DSS 11.0 Release notes¶
Migration notes¶
Migration paths to DSS 11.0¶
From DSS 10.0: Automatic migration is supported, with the restrictions and warnings described in Limitations and warnings
From DSS 9.0: Automatic migration is supported. In addition to the restrictions and warnings described in Limitations and warnings, you need to pay attention to the restrictions and warnings applying to your previous versions. See 9.0 -> 10.0
From DSS 8.0: Automatic migration is supported. In addition to the restrictions and warnings described in Limitations and warnings, you need to pay attention to the restrictions and warnings applying to your previous versions. See 8.0 -> 9.0, 9.0 -> 10.0
From DSS 7.0: Automatic migration is supported. In addition to the restrictions and warnings described in Limitations and warnings, you need to pay attention to the restrictions and warnings applying to your previous versions. See 7.0 -> 8.0, 8.0 -> 9.0, 9.0 -> 10.0
From DSS 6.0: Automatic migration is supported. In addition to the restrictions and warnings described in Limitations and warnings, you need to pay attention to the restrictions and warnings applying to your previous versions. See 6.0 -> 7.0, 7.0 -> 8.0, 8.0 -> 9.0, 9.0 -> 10.0
From DSS 5.1: Automatic migration is supported. In addition to the restrictions and warnings described in Limitations and warnings, you need to pay attention to the restrictions and warnings applying to your previous versions. See 5.1 -> 6.0, 6.0 -> 7.0, 7.0 -> 8.0, 8.0 -> 9.0, 9.0 -> 10.0
From DSS 5.0: Automatic migration is supported. In addition to the restrictions and warnings described in Limitations and warnings, you need to pay attention to the restrictions and warnings applying to your previous versions. See 5.0 -> 5.1, 5.1 -> 6.0, 6.0 -> 7.0, 7.0 -> 8.0, 8.0 -> 9.0, 9.0 -> 10.0
From DSS 4.3: Automatic migration is supported. In addition to the restrictions and warnings described in Limitations and warnings, you need to pay attention to the restrictions and warnings applying to your previous versions. See 4.3 -> 5.0, 5.0 -> 5.1, 5.1 -> 6.0, 6.0 -> 7.0, 7.0 -> 8.0, 8.0 -> 9.0, 9.0 -> 10.0
From DSS 4.2: Automatic migration is supported. In addition to the restrictions and warnings described in Limitations and warnings, you need to pay attention to the restrictions and warnings applying to your previous versions. See 4.2 -> 4.3, 4.3 -> 5.0, 5.0 -> 5.1, 5.1 -> 6.0, 6.0 -> 7.0, 7.0 -> 8.0, 8.0 -> 9.0, 9.0 -> 10.0
From DSS 4.1: Automatic migration is supported. In addition to the restrictions and warnings described in Limitations and warnings, you need to pay attention to the restrictions and warnings applying to your previous versions. See 4.1 -> 4.2, 4.2 -> 4.3, 4.3 -> 5.0, 5.0 -> 5.1, 5.1 -> 6.0, 6.0 -> 7.0, 7.0 -> 8.0, 8.0 -> 9.0, 9.0 -> 10.0
From DSS 4.0: Automatic migration is supported. In addition to the restrictions and warnings described in Limitations and warnings, you need to pay attention to the restrictions and warnings applying to your previous versions. See 4.0 -> 4.1, 4.1 -> 4.2, 4.2 -> 4.3, 4.3 -> 5.0, 5.0 -> 5.1, 5.1 -> 6.0, 6.0 -> 7.0, 7.0 -> 8.0, 8.0 -> 9.0, 9.0 -> 10.0
Migration from DSS 3.1 and below is not supported. You must first upgrade to 5.0. See DSS 5.0 Release notes
How to upgrade¶
It is strongly recommended that you perform a full backup of your DSS data directory prior to starting the upgrade procedure.

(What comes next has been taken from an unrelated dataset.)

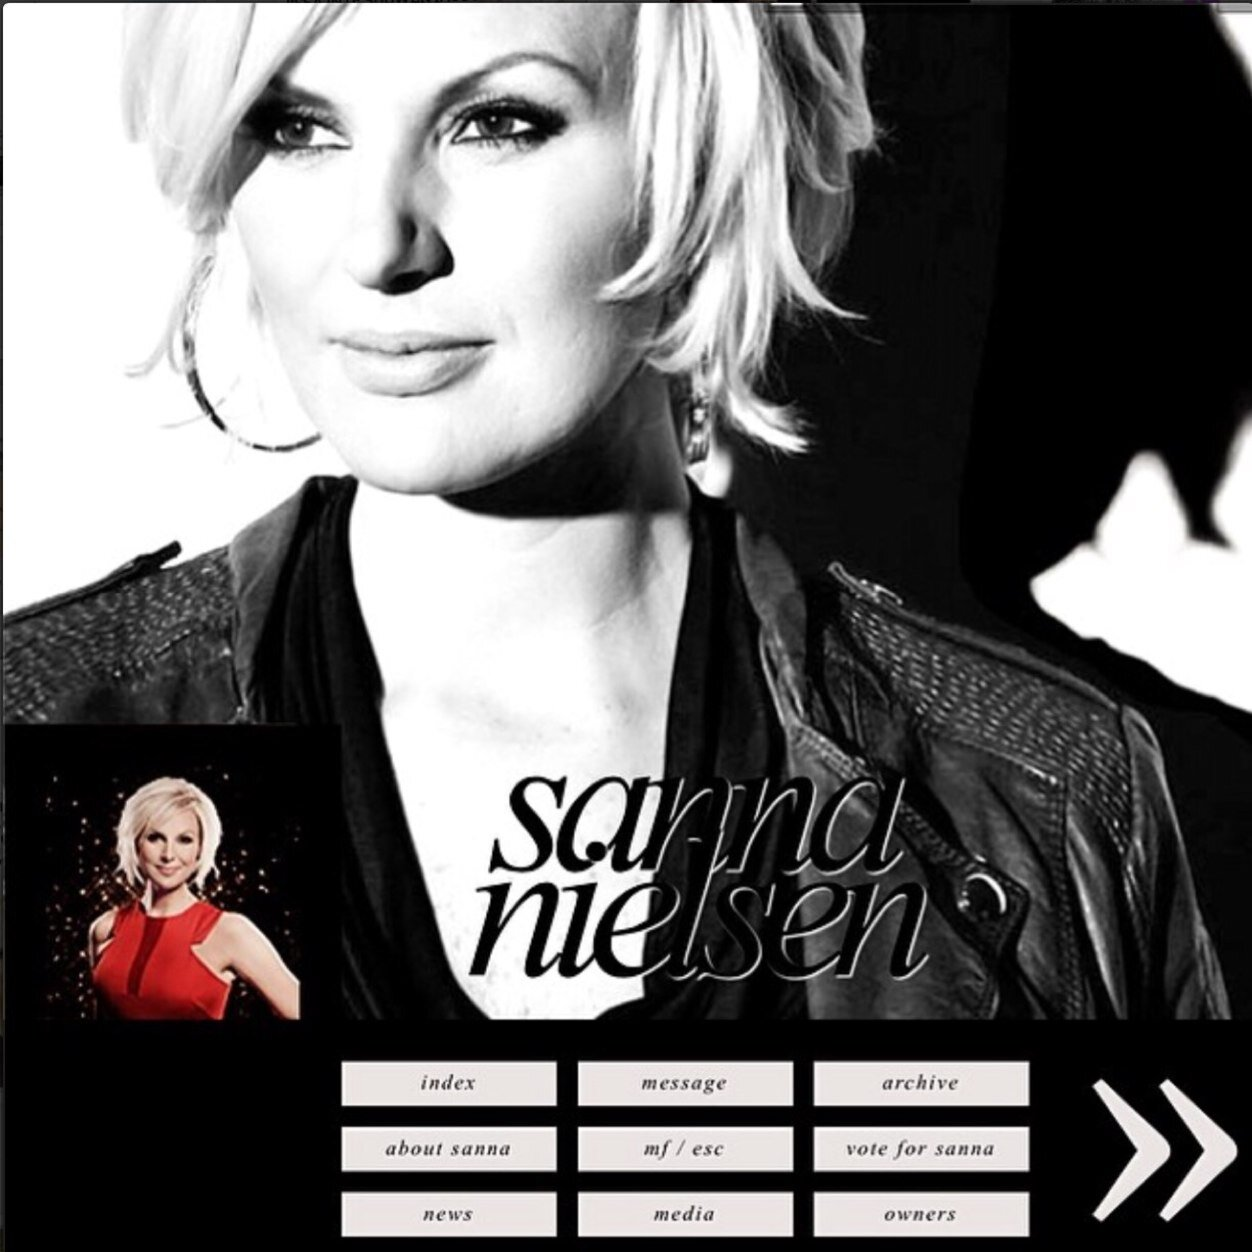 Sanna Nielsen: Sanna.nielsen.news (@SannaNews)

For automatic upgrade information, see Upgrading a DSS instance.
Pay attention to the warnings described in Limitations and warnings.
Limitations and warnings¶
Automatic migration from previous versions (see above) is supported. Please pay attention to the following removal and deprecation notices.
Support removal¶
Some features that were previously announced are deprecated are now removed or unsupported.
Support for MapR
Support for ElasticSearch 1.x and 2.x
Deprecation notice¶
DSS 11.0 deprecates support for some features and versions. Support for these will be removed in a later release.

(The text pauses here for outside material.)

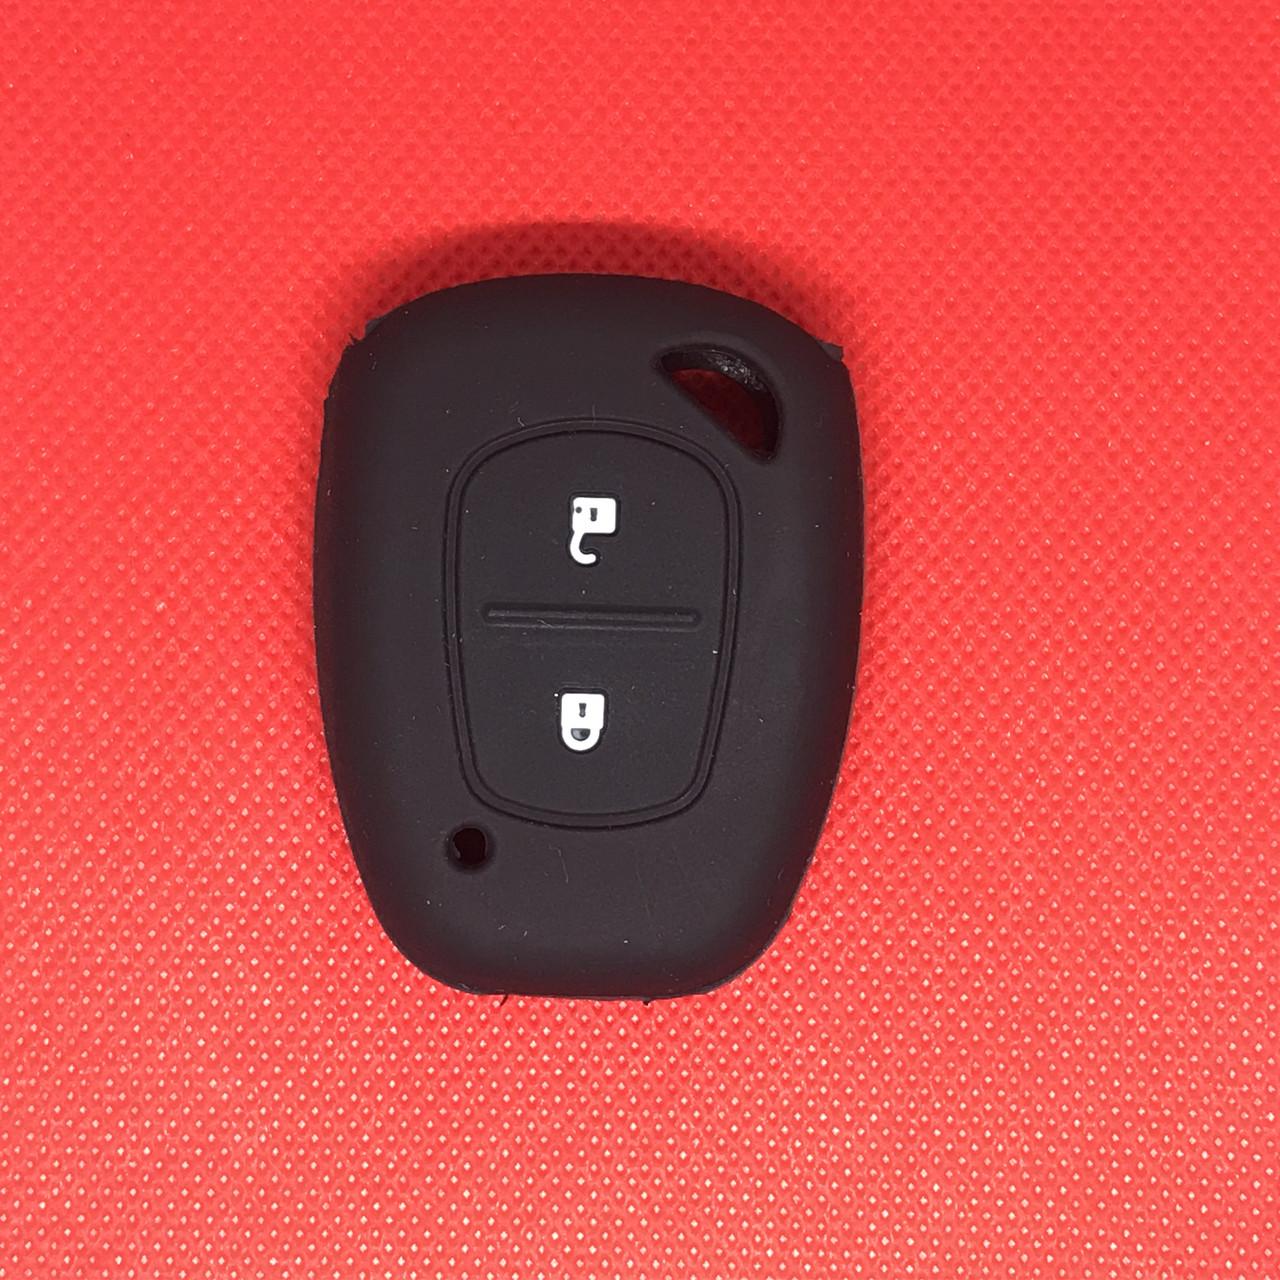 Чехол на ключ Рено Трафик Renault Trafic 2 кн черный

Support for SuSE 15 and SuSE 15 SP1 is deprecated
Support for CentOS 7.3 to 7.8, RedHat 7.3 to 7.8 and Oracle Linux 7.3 to 7.8 is deprecated
As a reminder from DSS 10.0, the “Build missing datasets” build mode is deprecated and will be removed in a future release. This mode only worked in very specific cases and was never fully operational.
As a reminder from DSS 10.0, support for training Machine Learning models with H2O Sparkling Water is deprecated and will be removed in a future release.
As a reminder from DSS 9.0, support for EMR below 5.30 is deprecated and will be removed in a future release.
As a reminder from DSS 7.0, support for “Hive CLI” execution modes for Hive is deprecated and will be removed in a future release. We recommend that you switch to HiveServer2. Please note that “Hive CLI” execution modes are already incompatible with User Isolation Framework.
Version 11.0.0 - July 12th, 2022¶
DSS 11.0.0 is a major upgrade to DSS with major new features.
Major new features¶
Visual Time Series Forecasting¶
Time Series Forecasting is now natively available in DSS Visual ML. Visual Time Series Forecasting features many capabilities:
Single or multiple series
Multiple horizon forecasting
Multiple algorithms, including deep learning algorithms
Time Series Forecasting are fully deployable and governable like other DSS Visual Models.
For more details, please see Time Series Forecasting
Code Studios, including Visual Studio Code, JupyterLab and RStudio¶
Code Studios allow DSS users to harness the power and versatility of many Web-based IDEs and web application building frameworks.
Code Studios allow you, for example, to:
Edit and debug Python, R, SQL, … recipes and libraries in Visual Studio Code
Edit and debug Python or R recipes, notebooks, libraries, … in JupyterLab
Edit and debug R recipes and libraries in RStudio Server
For more details, please see Code Studios
Image Labeling¶
In order to create and fine-tune image models (classification and object detection), you first need labeled images. Labeling is often a tedious task.
DSS now features a native Image Labeling capability, with the following features:
Support for image classification and object detection use cases
Ability to invite annotators (people who label the images)
Efficient interface for annotators with keyboard shortcuts
Ability to request annotations from multiple annotatorss
Annotations review process with management of conflicts between annotators
This new capability allows you to perform even more of the entire Machine Learning cycle for computer vision in DSS.
MLOps: Experiment Tracking¶
DSS now includes an experiment tracker for logging parameters, performance metrics, models, and other metadata when running your machine learning code, and for visualizing results of such experiments.
The DSS Experiment Tracker leverages the well-known MLflow Tracking API, which allows you to seamlessly port existing or 3rd party experiment tracking code and get all DSS benefits.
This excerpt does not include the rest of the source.